23 things they don't tell you about Capitalism
This is a summary of the book '23 things they do not tell you about capitalism'
I recently read the book what they do not tell you about capitalism and found it fascinating. I think everyone should read the book. Having said that, if you are not the kind to take the time to read the book, read this summary!
There is nothing called a free market. In free-markets monopolies would not be constrained. Environmental laws won’t exist and child labour would be allowed. The govt always takes a position. So long as the position is agreed upon by the participants they are willing to call it free. Often the position of the government helps the participants thrive, but they are always passing of regulated markets as free.
We talk about shareholder value maximisation. But in the tussle between shareholders and stakeholders, the former can move out at a whim the latter cannot. An employee cannot leave a company on any given day or on a whim. But a shareholder can liquidate their position in the company. Therefore they do not care about the long term viability of the company and only the short term viability. This leads to higher dividends, share buybacks etc which could be retained to invest in the long term or to survive a bad day. Companies have therefore stopped investing in the long term.
You can understand why there is a chip shortage now!
It is not that the western worker is 50 times more productive than a Chinese worker. It’s just that he is offered protectionism through curtailed immigration.
A washing machine caused a greater economic upheaval than the internet. It brought 75% more women into the workforce and therefore reduced preference for the male child. We tend to underestimate the effect of things that we take for granted.
Economics assumes everyone is selfish and the only way to get high output is by harnessing selfishness. If you only see the worst in people. That is all you get. There are other instincts that people have that can be harnessed to bring out the best in them.
Economists sought out only price stability and thereby focused on inflation but this has brought with it job instability. Price stability is only one piece in the economic stability puzzle. Higher inflation leads to price rise and hence to wage rise. A low inflation environment is only good for business owners and money managers. Like a frog boiling in the water, the worker class watches its wages lose value without knowledge of it in a low inflation environment. Low-interest rates and low inflation imply that the only favourable opportunities lie in financial products and not in making investments in people. Free market policies have increased job insecurity. High inflation makes financial assets less interesting.
Almost all rich countries are rich because they did not pursue a free market policy to get there. Especially not US and British. America had a protectionist policy till 1890 and Britain till 1860. Just like you send a child to school instead of asking them to compete in the labour market different economies need different policies.
While many companies claim to be multi-national almost all of them tend to be controlled in one nation and hence incapable of respecting the needs of the other nations they operate in. If the choice is between producing microchips, wood chips or potato chips, FDI is unlikely to produce microchips in a foreign country.
The US has a higher standard of living only because the cost of services are low due to immigrants. Also, the higher standards of living are accessible to only a few.

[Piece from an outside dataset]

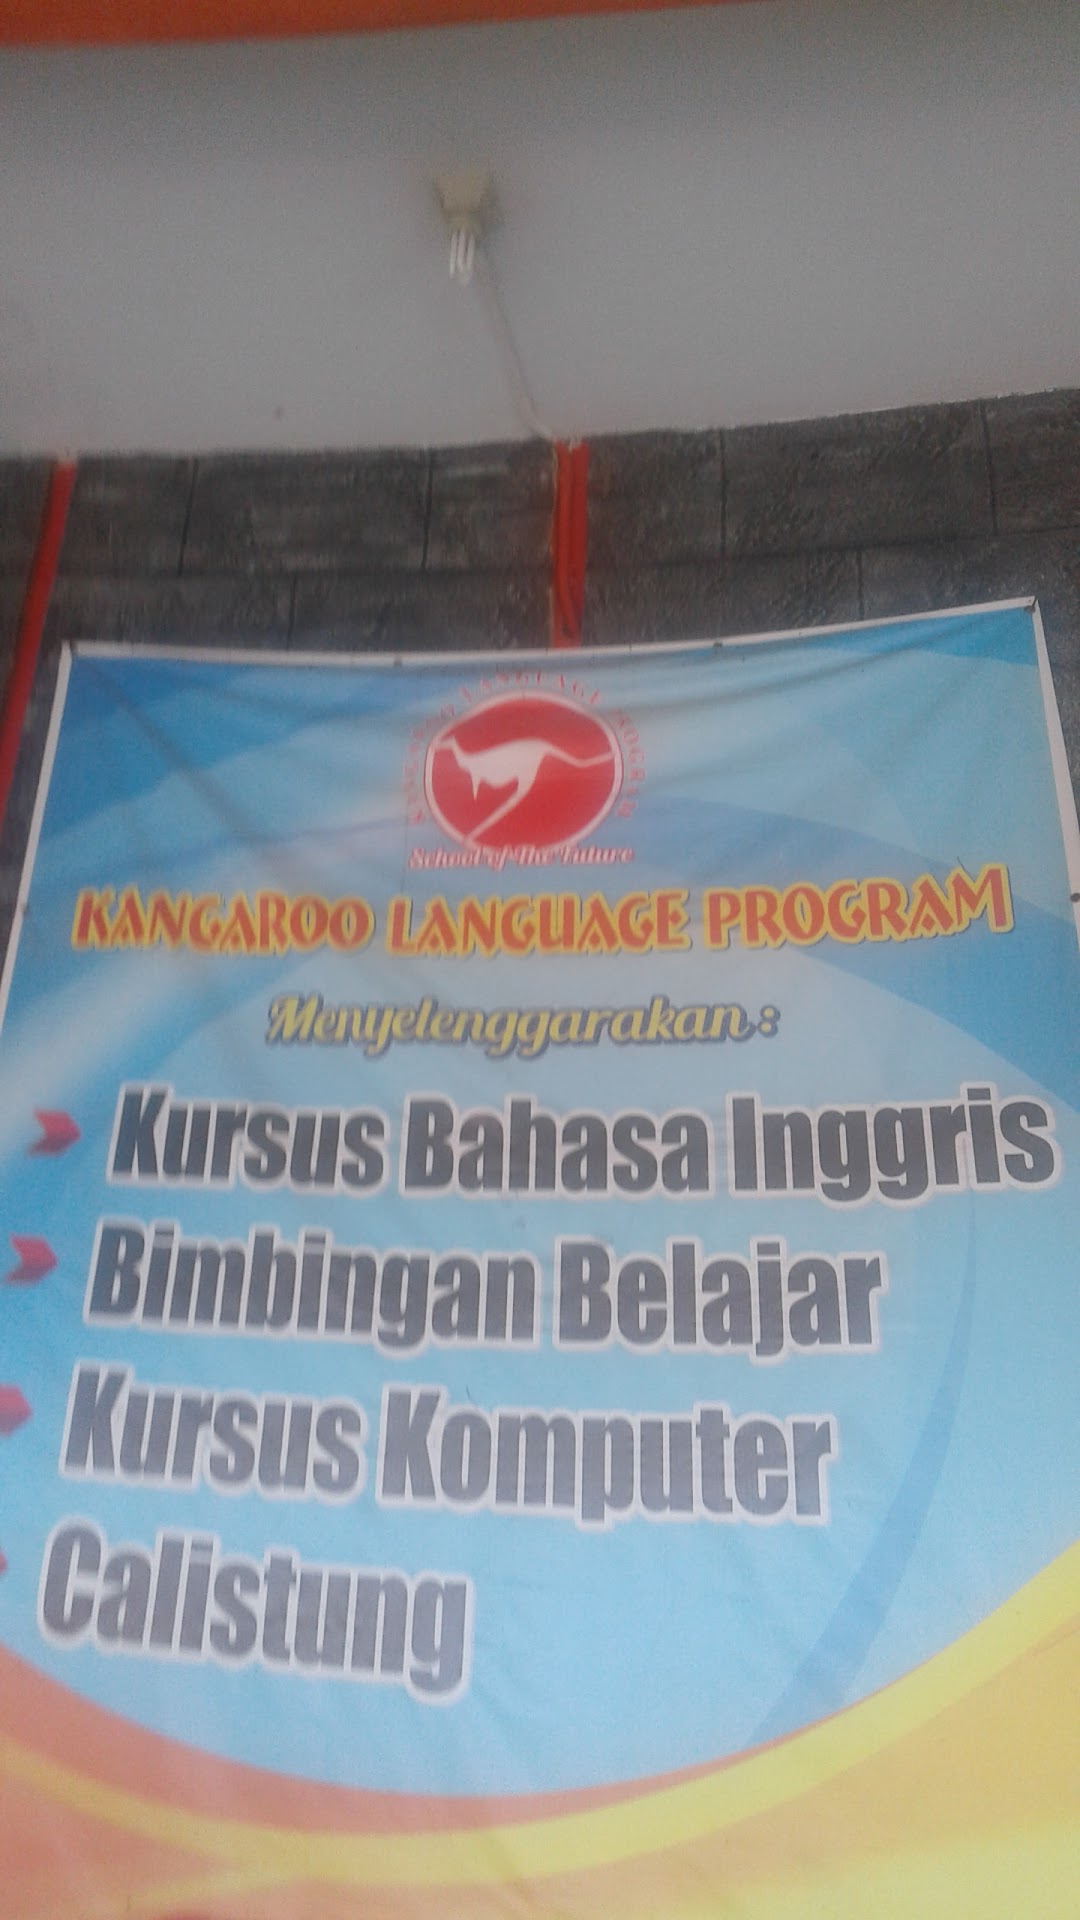 LKP Kangaroo Language Program

Making the rich people richer, will not make the rest of us richer. The highest per capita growth registered during the golden age of capitalism in the 1950s was at a time when taxes were high in the western world. Since the 80s downward pressure on taxes increased and so did the income inequality.
To keep executive pay high, executives (managers who run companies - also called CEOs) dole out huge dividends to keep the shareholders from questioning their pay and put downward pressure on the workers and hurt their compensation. Further, if the CEO fails, there are no consequences or punishments. They are usually given a fat severance.
Self-interest will protect people only when they know what is going on. Most people including fund managers have no idea what is going on. Our ability to accurately calculate risk is horrifically poor.
Education has no relationship with the performance of the economy. Most things taught in school and college are not even useful in the real world. Everything is learnt on the job. In fact, capitalism uses mechanisation to de-skill the workers so that they are replaceable. Education is merely an act of robbery.
The absence of regulation will destroy a business. Often regulation is what keeps industries alive. Businesses will destroy common pools of resources if left unregulated. Developing countries end up destroying their economies by deregulating so that the Americans find it easier to open business.
Equality of opportunity is only real when one can take advantage of that equality. What is the point of providing equality to every kid to enter a university when they do not have the capability to take advantage of it perhaps because they cannot afford it or do not have the books to prepare for it. Do they really have access to equal opportunity?
The welfare state for workers is the same as the bankruptcy law for businesses. It makes people bolder and allows them to take up work in sunrise industries rather than stick conservatively to established industries.
Financial markets are too optimised for their own good. If you were to set up a factory and create value it is going to be a decades-long process and real value creation takes time. Financial assets are too liquid and too easy to move around hence people seek short term returns even at the cost of hurting the entire system like they did in 2008. Long term investments are destroyed.
Almost no economic success was produced by economists.